And yes, I know some folks swear by an IBEC where the one avionics battery is also used for ignition, but it’s my opinion you’d be wise to treat the two systems like a player. By this meaning the player doesn’t let his girlfriend know he’s married, and his wife never knows he keeps a mistress on the side. Stays alive, hence why he’s a player!
TANSTAAFL
Added to which, because there ain’t no such thing as a free lunch, and since you need at least a ~2000mAh pack for the ignition (my rule of thumb is 1000mAh per cylinder) plus a another 2500-3000mAh pack for the avionics (due to so many servos), then you’re still going to have to use a 5000-6000mAh pack.
Point being, yes there is a benefit of only servicing one battery instead of two, but in my estimation this convenience is vastly overwhelmed by the systemic risk to the model. By this meaning if even one of the many component within an IBEC goes teats up, then there’s a risk of interference . . . but you’re a big boy, do as you please.
And in any case, the Zenoah GT80 makes the whole argument moot due to relying on a magneto, instead of a module requiring battery power. So circling back to propulsion;
Slide out drawer
In an interesting twist, what Mike’s created is an entire propulsion package mounted in a slide-out drawer. This bit of genius means the thing becomes trivial to service because the entire power package, by just removing four screws, sees the whole thing sliding out and into your hands. Sweet!
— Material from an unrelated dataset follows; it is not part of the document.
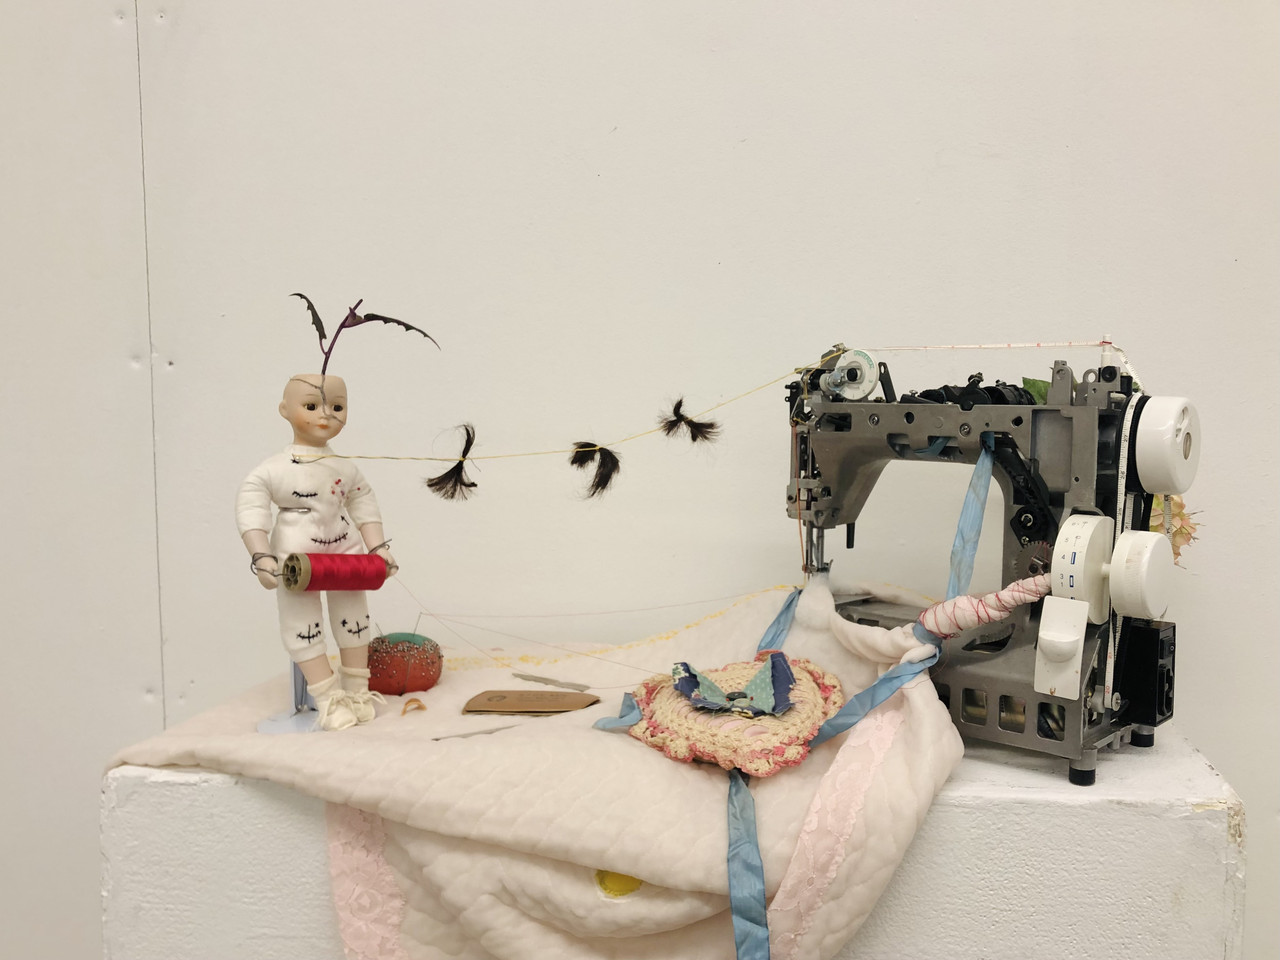 A baby doll covered in black stitches holds a spool of red thread while standing on a light pink blanket. Sewing supplies are strewn across the blanket. To the right is a sewing machine with no outer casing.

So take note; he’s even mounted throttle and choke servos to the tray. In honestly, I advised him to reconsider this last because of experience with what happens to servos mounted in close proximity to hot vibrating propulsion sources. Review this to learn more;
Gasser throttle servo problems & solutions
And Mike, to his credit once advised responded with, ‘Thanks for the heads up, I will look into a new location for it.’
Anyway, once secured with the four bolts, the two become a whole!


Sprung gear – internal springs
Next, I’d like to share another sprung landing gear arrangement. This more sturdy version with internally adjusted springs. And what initially caught my attention was this elegantly engineered sketch by Kelly Fountaine of New Zealand.
The gear design? It’s simplicity itself. Simple is always a good thing.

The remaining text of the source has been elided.